Intent-Code Divergence

High
Confidence
97% confidence
Finding
The user-facing summary says the skill helps build A-share quant strategies with ZVT, which directly contradicts the Yahoo Finance market-data metadata. Contradictory documentation increases the chance of unsafe invocation and informed-consent failure, because users may trigger code generation or trading workflows they did not expect from a data-fetching skill.

Context-Inappropriate Capability

High
Confidence
95% confidence
Finding
Defining trading and backtesting execution flows inside a market-data skill expands the operational blast radius from passive retrieval to potentially consequential financial-action support. Even if no live orders are placed here, execution-oriented scaffolding can generate misleading or unsafe strategy artifacts under the guise of a low-risk data skill.

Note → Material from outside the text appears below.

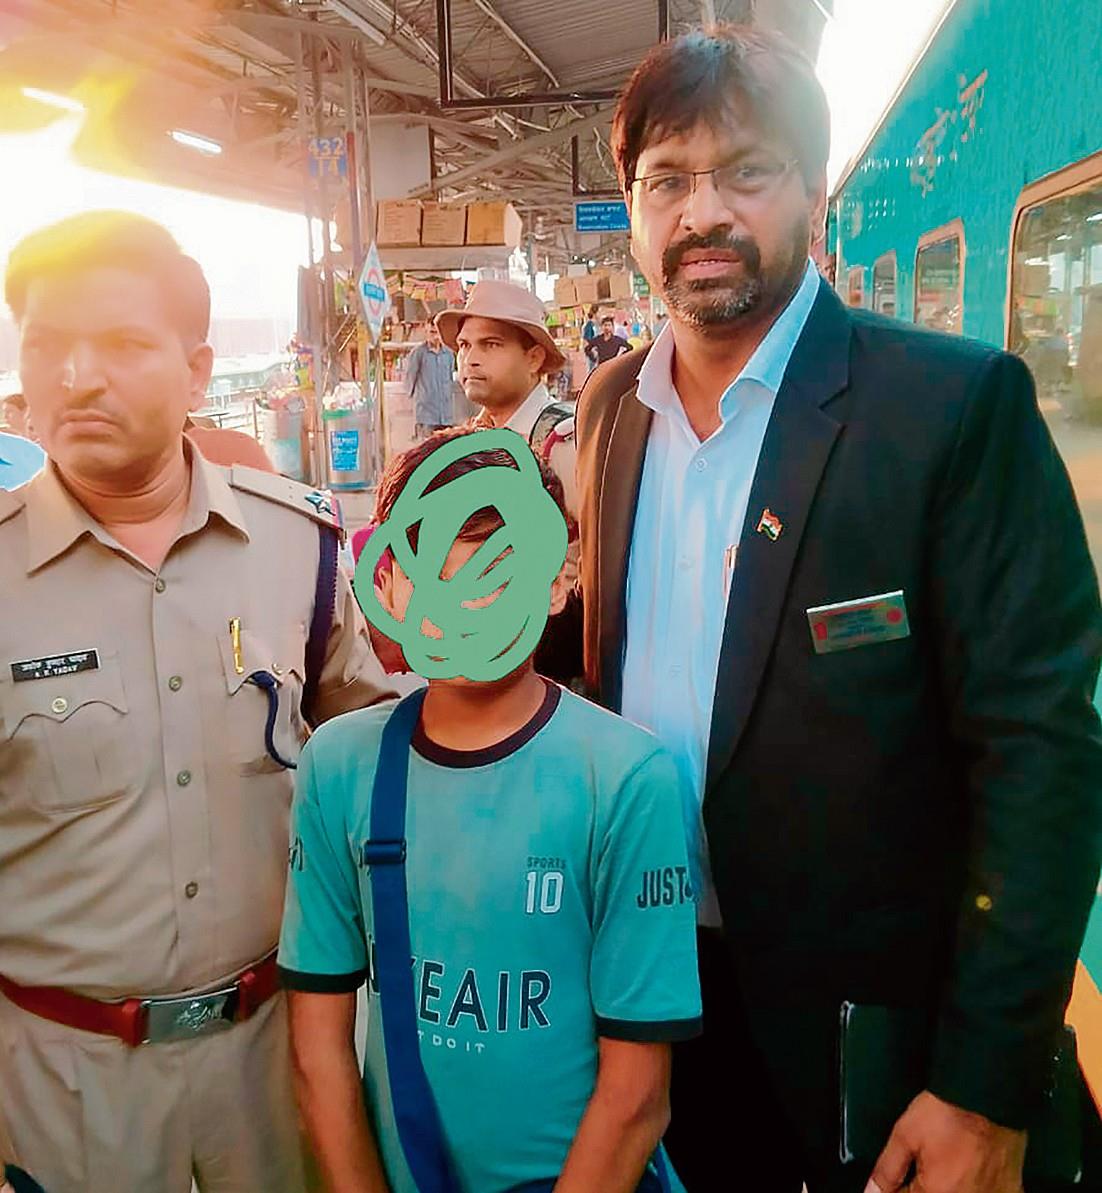 Railway officials reunite child lost in Sachkhand Express with parents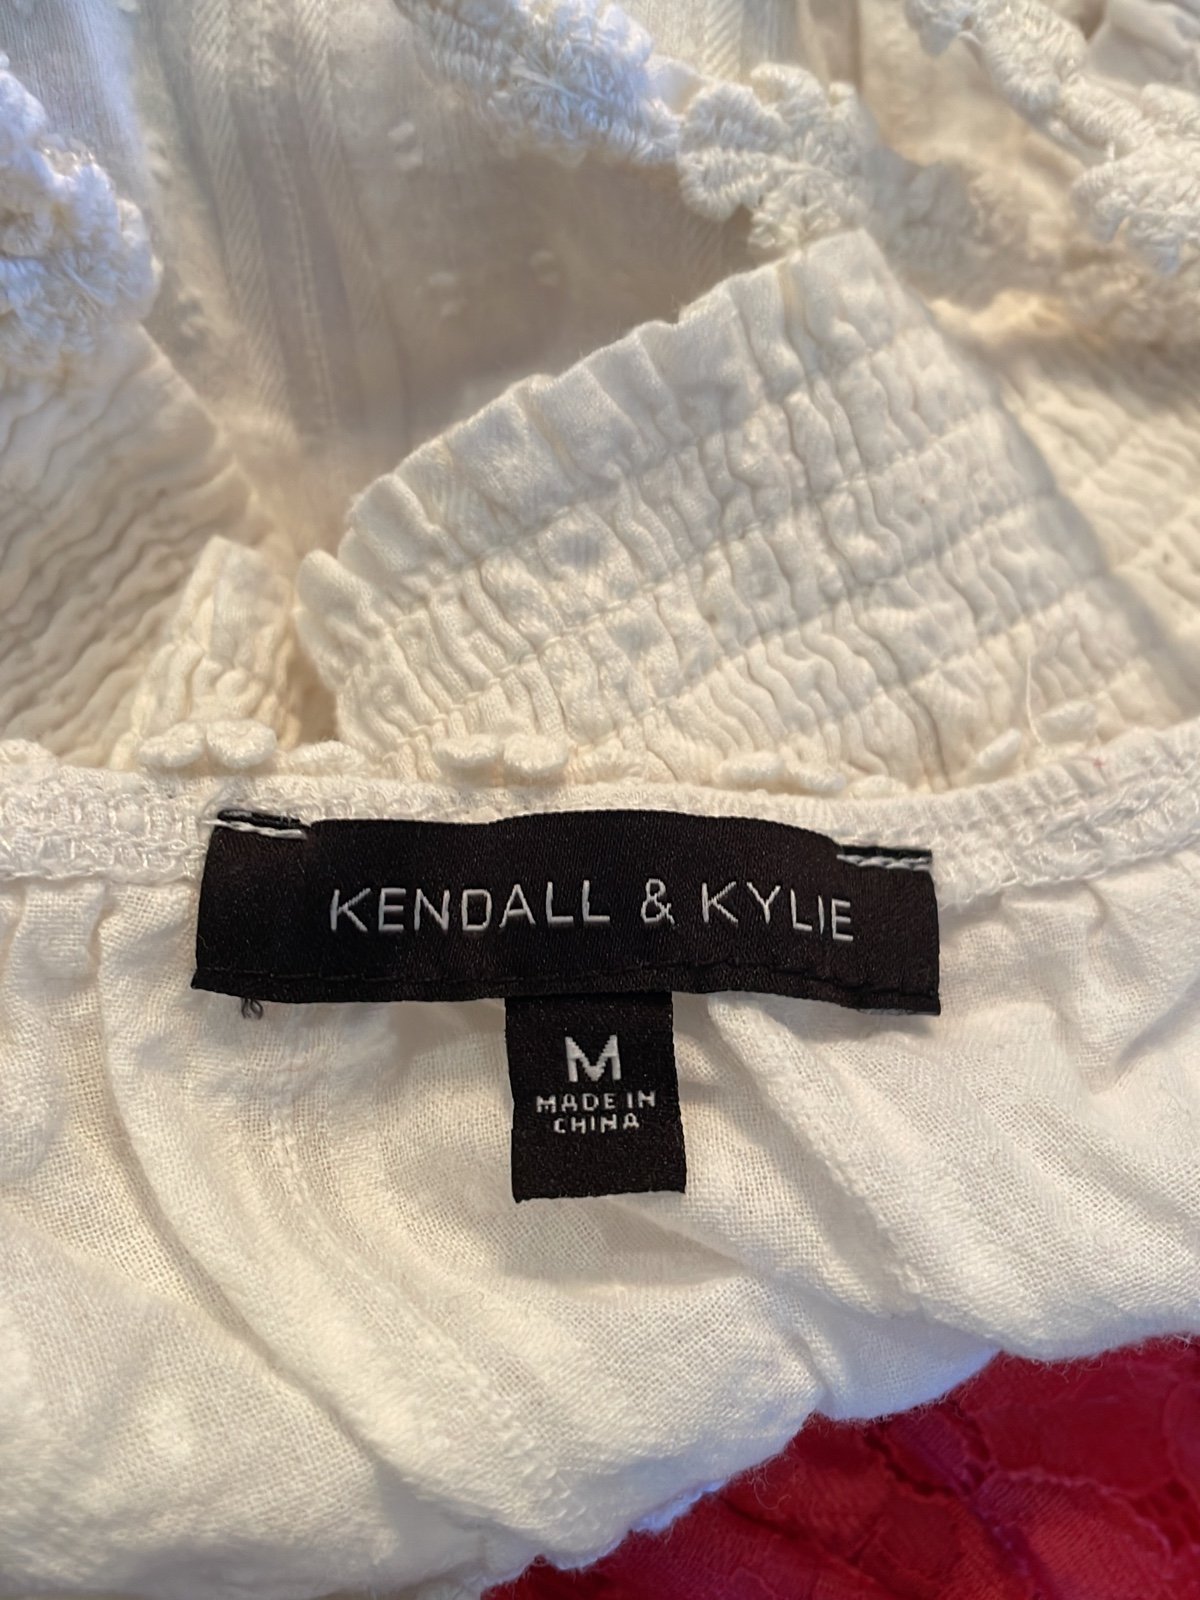 cheapest place to buy  kendall and kylie top ot3hiNsUA best sale

Context-Inappropriate Capability

Medium
Confidence
92% confidence
Finding
Automatic code generation, workspace writes, and skill-saving are unnecessary for a simple market-data fetcher and create persistence and lateral-behavior risks. A user asking for data could unintentionally cause files to be written or durable skills to be created, which is a meaningful escalation of effect beyond the declared purpose.

Vague Triggers

Medium
Confidence
84% confidence
Finding
The execute trigger is based on broad intent matching plus generic action verbs rather than an explicit invocation phrase. In an agent environment, this increases the chance of accidental activation during normal discussion about finance, data collection, or backtesting, potentially causing unintended external calls or workflow execution.

Vague Triggers

Medium
Confidence
80% confidence
Finding
Several trigger terms, such as timezone, validation, repair, and historical data, are generic enough to appear in ordinary conversation. Overbroad triggers raise the risk that the skill activates outside the user's intent, especially in multi-tool agent systems where activation may cascade into data retrieval or trading-related flows.

Vague Triggers

Medium
Confidence
91% confidence
Finding
The execute trigger is overly broad, matching common verbs like run, execute, fetch, and collect. This raises the risk of unintended activation, especially when combined with the skill's hidden broader capabilities, allowing ordinary user phrasing to trigger workflows with side effects.

Vague Triggers

Medium
Confidence
85% confidence
Finding
Several sample triggers are generic phrases that do not clearly constrain which capability will run. In a skill already suffering from scope confusion, vague triggers increase the chance that users invoke data collection, screening, or execution-adjacent behavior without realizing which path the system selected.

Missing User Warnings

High
Confidence
96% confidence
Finding
The skill promotes live trading or streaming behavior without a clear upfront warning that Yahoo-derived data is delayed and best-effort. In financial contexts this is especially dangerous because users may rely on stale or incomplete data for time-sensitive decisions, leading to monetary loss.

Missing User Warnings

Medium
Confidence
79% confidence
Finding
The dismissive note about US stock support being 'half-baked' is not an adequate safety disclosure. It signals reliability problems but fails to state concrete risks such as incomplete coverage, data errors, and unsuitability for decision-making, which may lull users into proceeding anyway.

VirusTotal

66/66 vendors flagged this skill as clean.